— Женевьева, — сказала она, поправляя шляпку, и больше не добавила ничего.

Он подумал, не из ЭТИХ ли она, и сам устыдился собственных мыслей. Во-первых, сейчас не сезон, а во-вторых, как ни горько это признавать, он отнюдь не производит впечатления подходящего клиента.

Поэтому он позвал бармена-официанта-гарсона с его руками-протезами, велел подать второй бокал и заставил хрустальные стенки облиться пеной.

А она протянула ему дольку грейпфрута.

Через час, беспечно болтая, они шли по набережной, остановившись лишь для того, чтобы попозировать бродячему художнику, вырезающему из черной бумаги силуэты заказчиков. Впрочем, художник оказался бездельником: силуэт Альбера выглядел профилем какого-то бородатого старика в очках, а силуэт Женевьевы и вовсе не получился. Художник трижды начинал его заново, злился, кромсал бумагу маникюрными ножницами — и наконец быстро пошел прочь, даже не взяв денег.

Он еще и оглядывался, этот художник, не способный вырезать простого профиля, он оглядывался, и ужас плескался в его взгляде.

— Пойдем, Альбер, — сказала Женевьева. — Это пустяки. Это все пустяки.

К вечеру они были наедине в той комнате, которую он снял вчера утром.

Все случилось просто и спокойно, как если бы это происходило не в неопределенности настоящего, а уже было давным-давно в обстоятельной неизменности прошлого, став приятным воспоминанием.

Ему понравилось.

Больше, чем вам, и меньше, чем мне.

— Тебе не холодно?

— Hет.

Из потрескивающего радиорепродуктора самозабвенно плакался великий тенор с непроизносимой фамилией, тоскуя по родине, с которой уезжал разве что на гастроли, и то редко.

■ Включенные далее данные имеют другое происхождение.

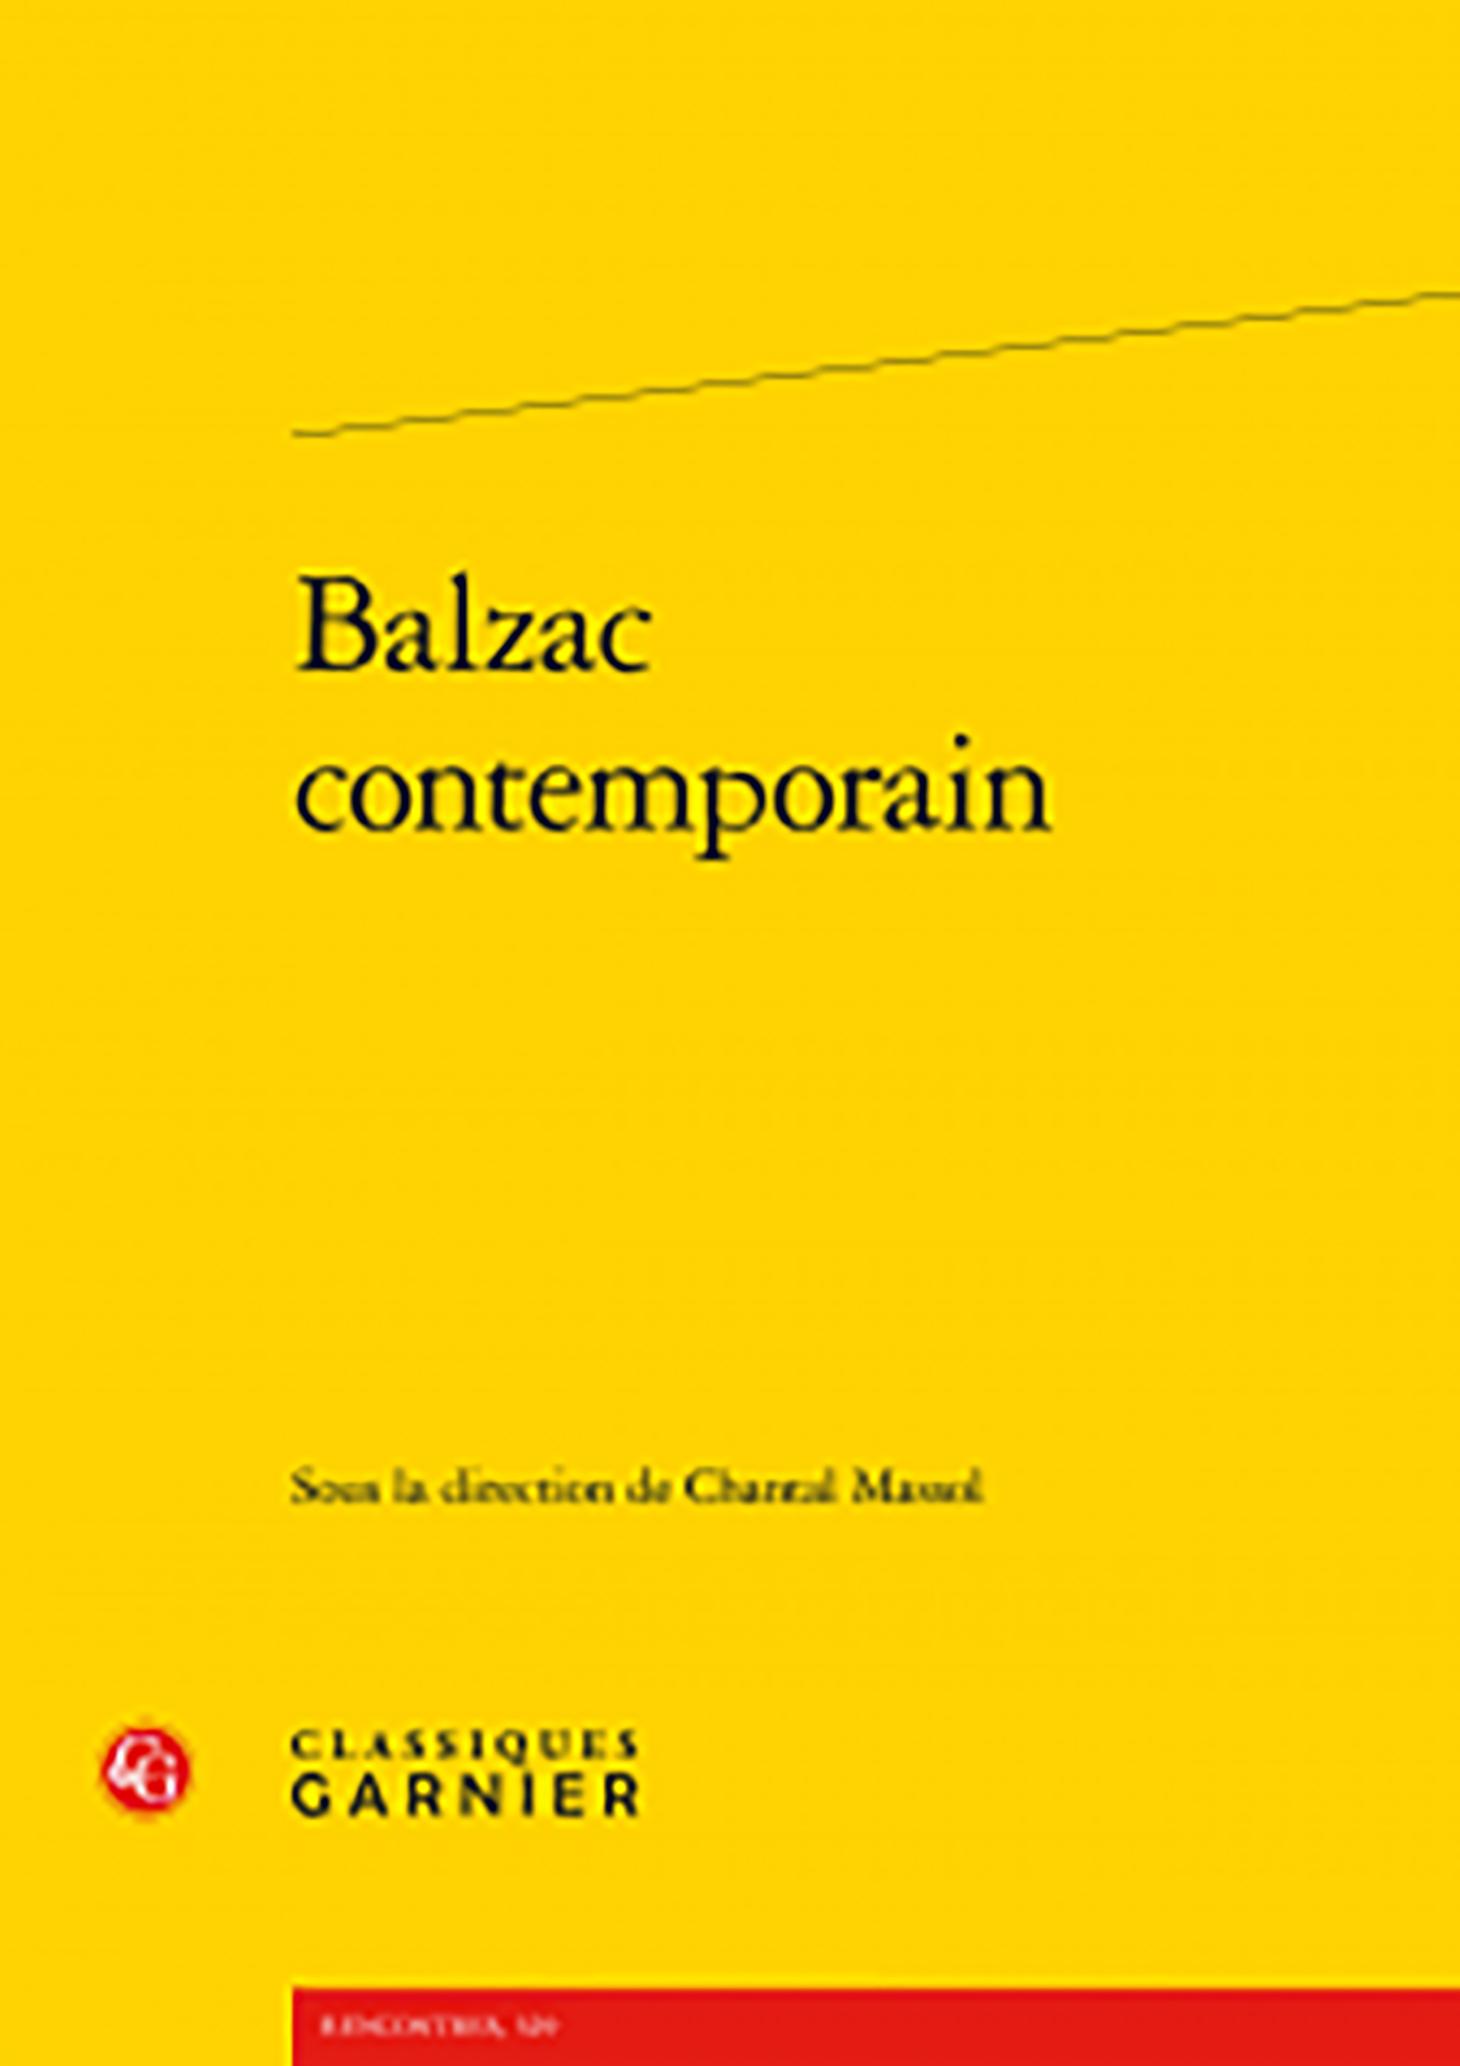 Balzac contemporain

У тенора была молодая жена, лишний вес и потрясающий голос. Жену и вес он приобрел сам, голос же получил в дар от кого-то, чье имя столь же непроизносимо, как фамилия тенора, и даже больше.

— Тебе точно не холодно?

— Мне тепло.

— Ты будешь смеяться, но мне кажется: мы встретились не случайно. Там, где составляются прогнозы вкупе с реестрами по их выполнению, полному или частичному, все было расписано заранее.

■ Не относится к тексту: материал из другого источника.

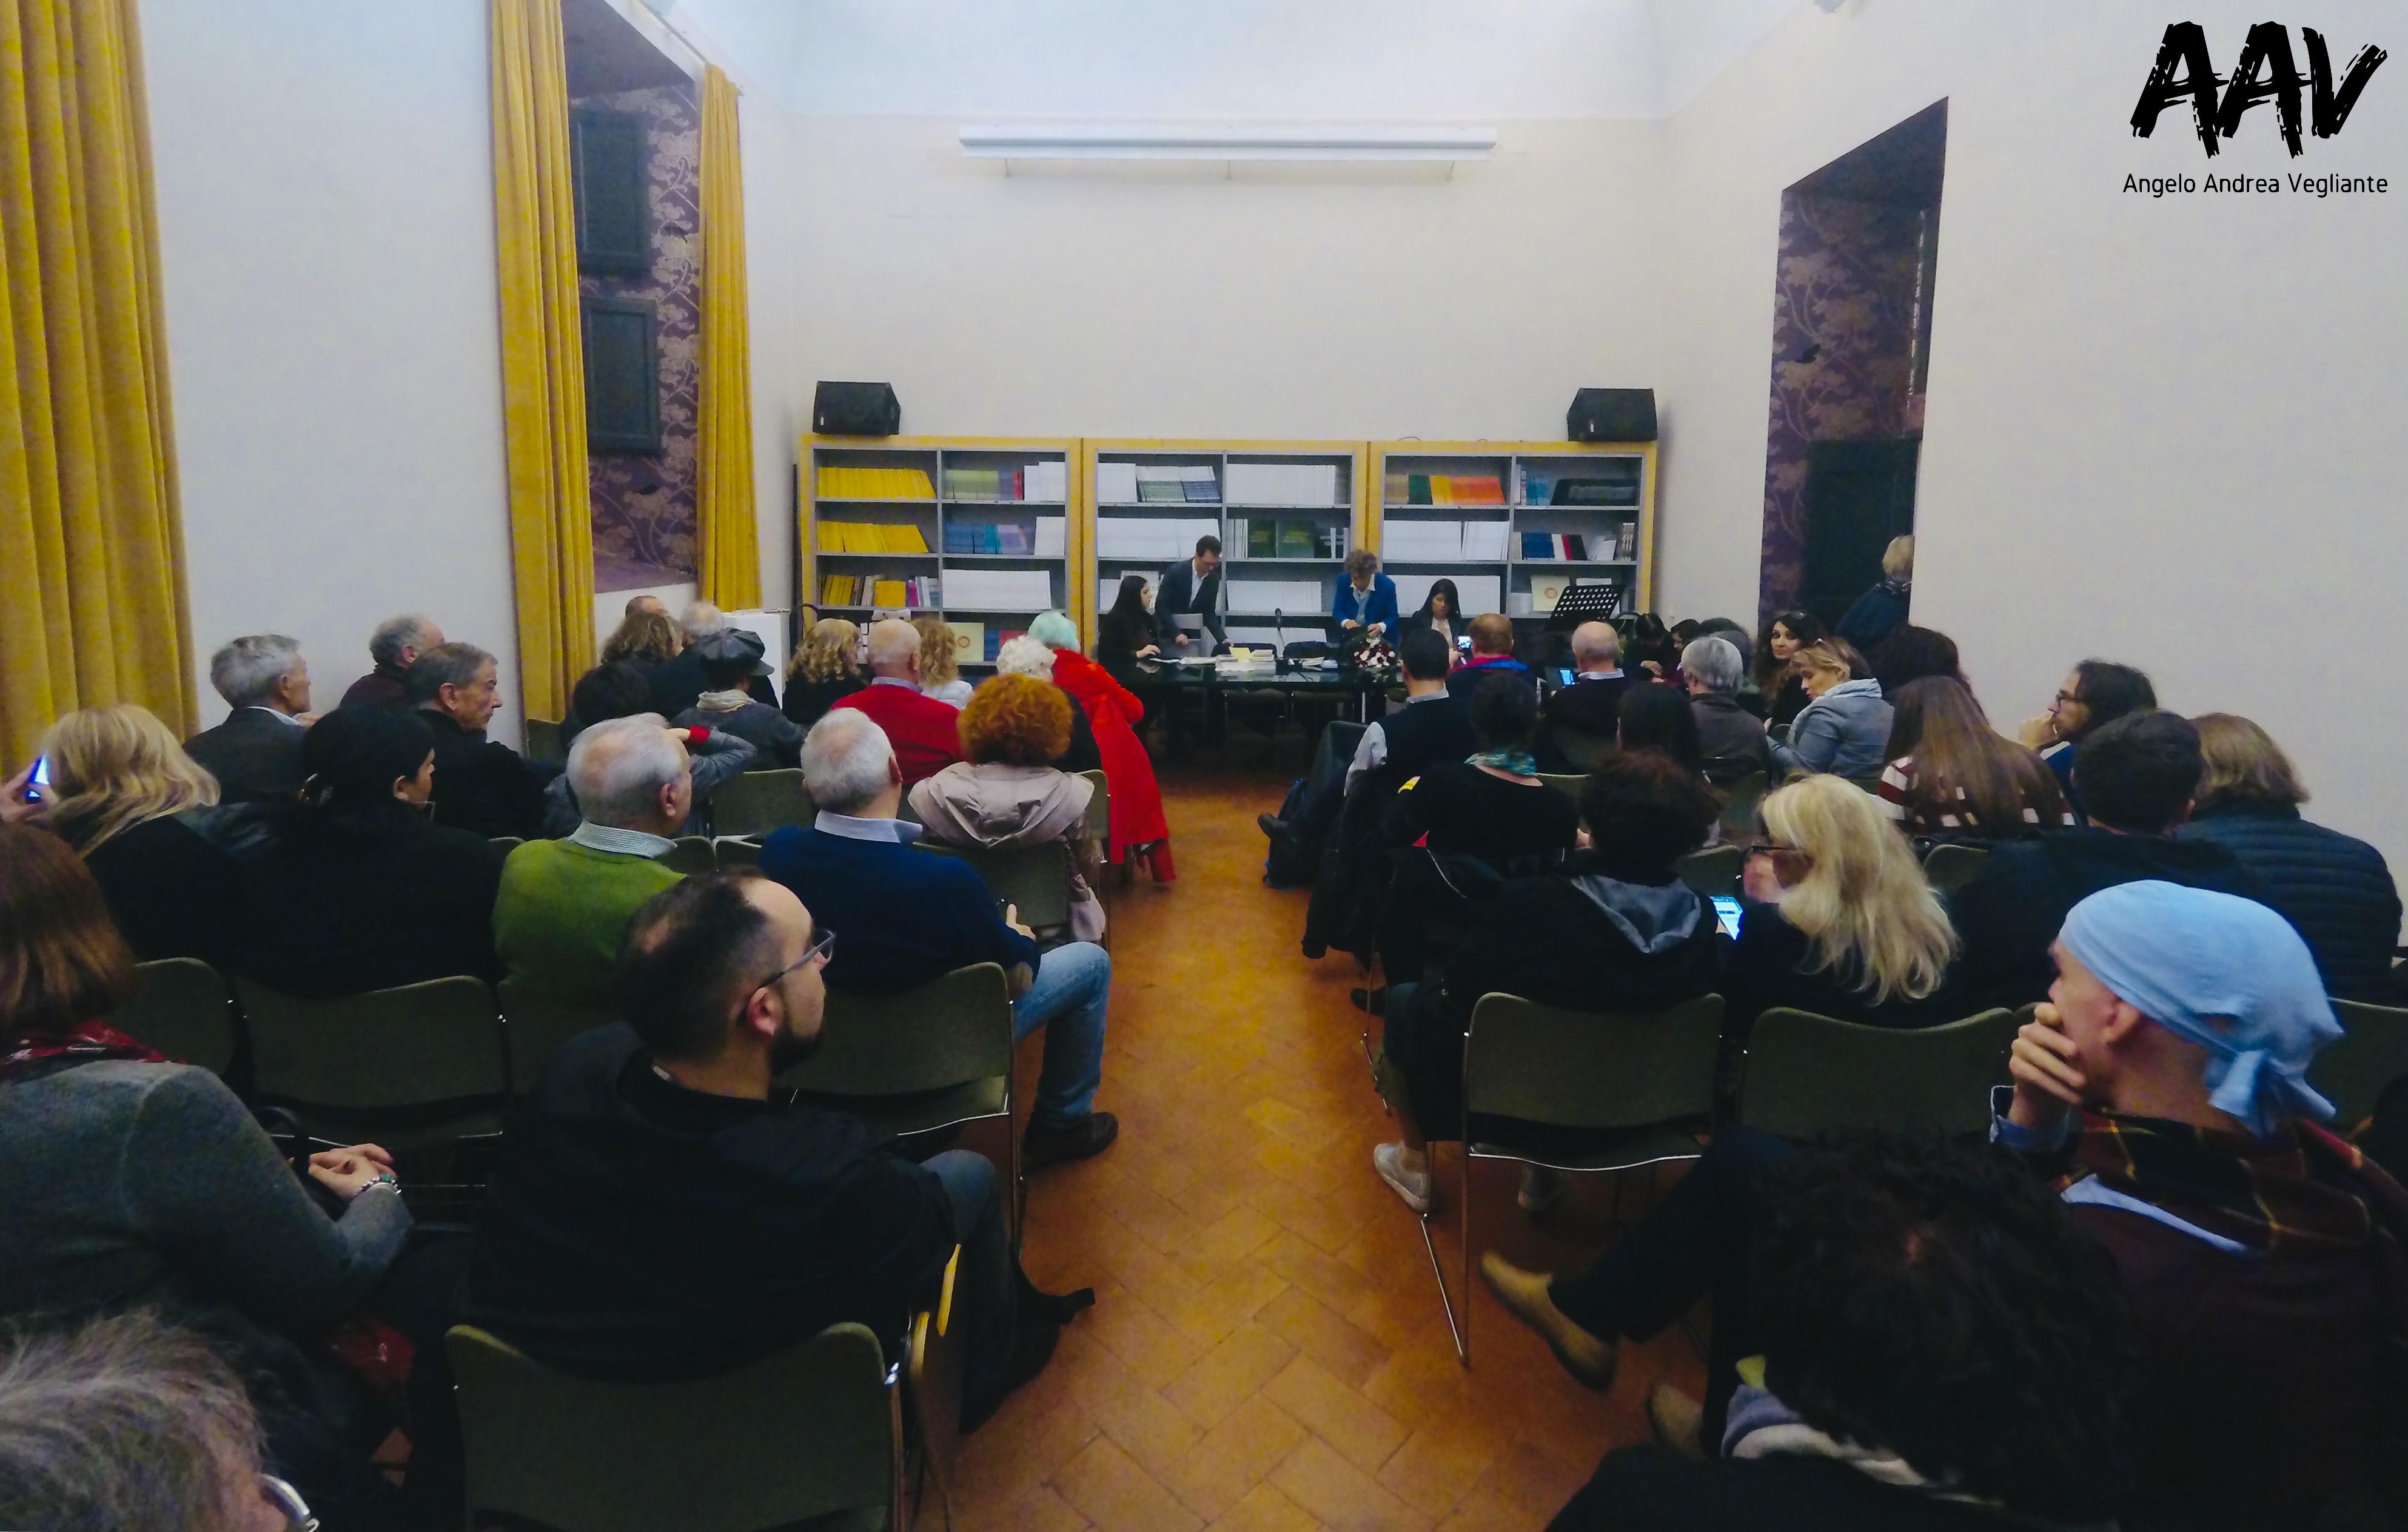 incontro-convegno-Dacia Maraini-Roma-angelo andrea vegliante-colui che veglia-colui che reporta-poesia-letteratura

— Я не буду смеяться. Я вообще редко смеюсь.

— Знаешь, Женевьева…

— Знаю.

— Ты все-таки смеешься. А я действительно хотел бы знать: чем кончится сегодняшняя встреча? Утром мы разойдемся в разные стороны? Я получу деньги от отца и приглашу тебя в дорогой ресторан? Через месяц мы зарегистрируем наш брак, а через год обзаведемся маленьким существом в пеленках? Ты будешь сварливой женой? ласковой? безразличной? ты не будешь женой?

— Почему ты хочешь это знать? Знать сейчас, когда мы лежим с тобой в одной постели, и будущее туманно?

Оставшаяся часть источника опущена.